Of course one thing I noticed is that you said you pay $30 for your landline just for your TiVo. If you switched to Dish and did away with your landline you'd still be saving $25 a month. Sure the extra $5 for no phone line might be a bit of a nuisance, but it seems to me you'd still net $25 a month.


----------



## Stewart Vernon (Jan 7, 2005)

BobaBird said:


> Dish decided that their lax enforcement of the phone line requirement was causing them serious problems (lost revenue due to account stacking?) and also wished not to give up the AO revenue (I really doubt it costs $5/mo to keep a computer record and transmit it in the authorization stream). What to do? Charge an "Additional Outlet Programming Access Fee" for the second output (preserve revenue) but waive it if a phone line is connected (location control, possible because there are no uncovered expenses). It's a fee that is added to your bill, not a credit that is taken off.
> 
> I suspect you are confused because you want to accept the party line and are now trying to reconcile that with your own observations. The fact that you didn't offer an analogy tells me you may have doubts  . If the fee is tied directly to the presence of a phone line, how is it not a phone line fee?


You missed what I was confused about...

How can Dish say the following:

1. IF you connect a phone line, we will waive the $5 additional outlet fee for the 2nd tuner.

2. You MUST connect a phone line to every receiver.

Statement #2 overrides statement #1!

If a person has a dual-tuner receiver... chooses not to connect to a phone line, and pays the $5 second outlet fee... but then is audited for not having a phone line connection... what happens?

Dish seems to be waffling here... either the phone line is required or it is not! They can't say "you can pay $5 extra OR connect a phone line" and then say the phone line is required.

IF the option exists to pay $5 and not connect a phone line... then they aren't requiring the phone line... and thus, an audit for anyone on any of these receivers shouldn't be made because Dish has told them they don't have to connect the phone line if they pay the $5.

That's what I'm confused about... because it seems like the audit group has audited some people with 942s and told them that all must be connected to a phone line.


----------



## James Long (Apr 17, 2003)

HDMe said:


> 2. You MUST connect a phone line to every receiver.
> 1. IF you connect a phone line, we will waive the $5 additional outlet fee for the 2nd tuner.

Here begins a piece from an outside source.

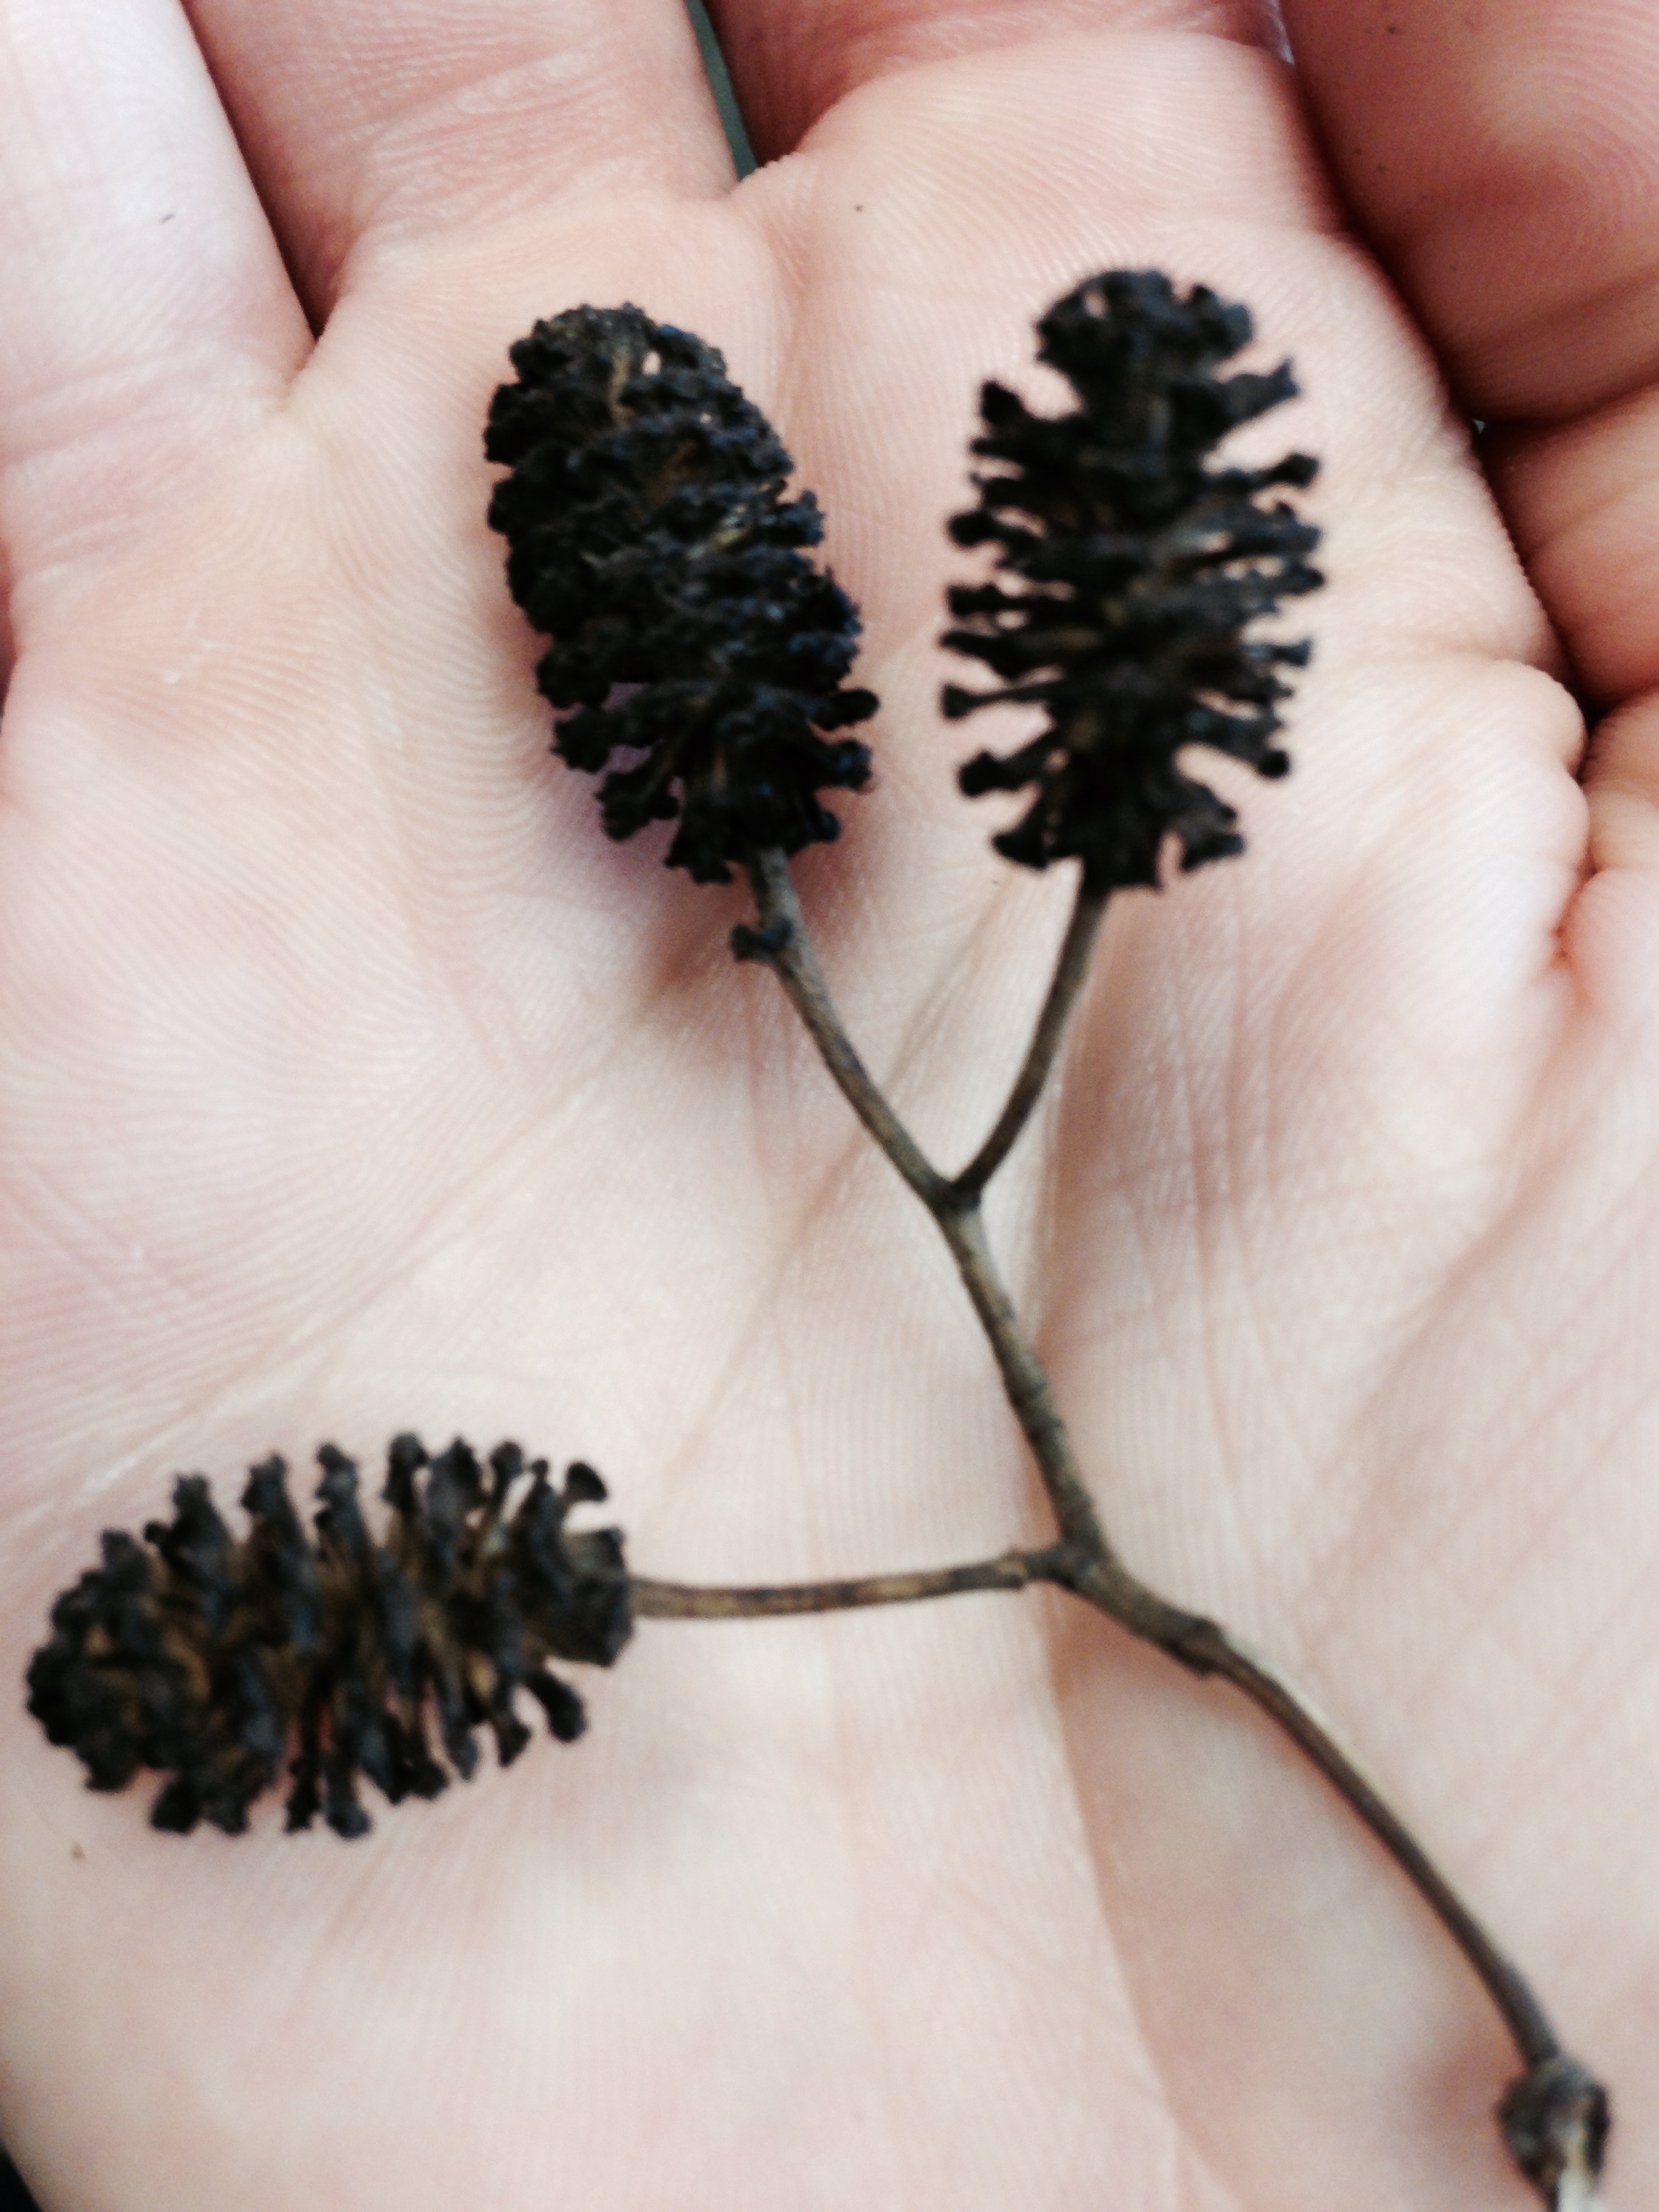 pine cone seeds look like

I like it better that way around. It serves as a reward for following the rule. What is missing from those two lines is the punishment for not following the rule:

3. IF you do not connect a phone line to ALL of your receivers we may disable any or all of your receivers until you have brought your receivers into compliance and verified the location of ALL of your receivers.

JL


----------



## KingLoop (Mar 3, 2005)

mya23rd said:


> Thanks guys. I'm not really feeling lucky. I really thought that Dish Net stopped doing that whole 5 dollar charge. I don't get it. Don't they realize fewer adn fewer people have landlines. Thats definitely a disadvantage compared to cable especially when you consider that more people are relying solely on their cell phones. I remember earing somewhere that DirecTV is moving to phase out the requirement for phone lines. Apparently many customers have been complaining and rightly so. I don't know when DTV will phase out that requirement. But I assume they will just stop requiring that fee and download everything to receivers through the satellite.


Before you complain about that $5 fee why don't you first figure out how much your dish network bill would be in comparison to your current DirecTv bill and land line phone bill combined. So get E*, cancel your house phone, add some international channels, and end up spending less per month on your TV. Seems line a NO BRAINER to me.


----------



## BobaBird (Mar 31, 2002)

HDMe, I see what you're saying. This isn't just some CSR, sub-contracted installer, or discussion forum saying you can get away with ignoring statement 2. Statement 1 comes from them but then the audit team comes along and applies statement 2 without regard to statement 1 or a Dish granted RV/Trucker exemption.

JL, avoiding a penalty isn't much of a reward, it's just the way things should be.


----------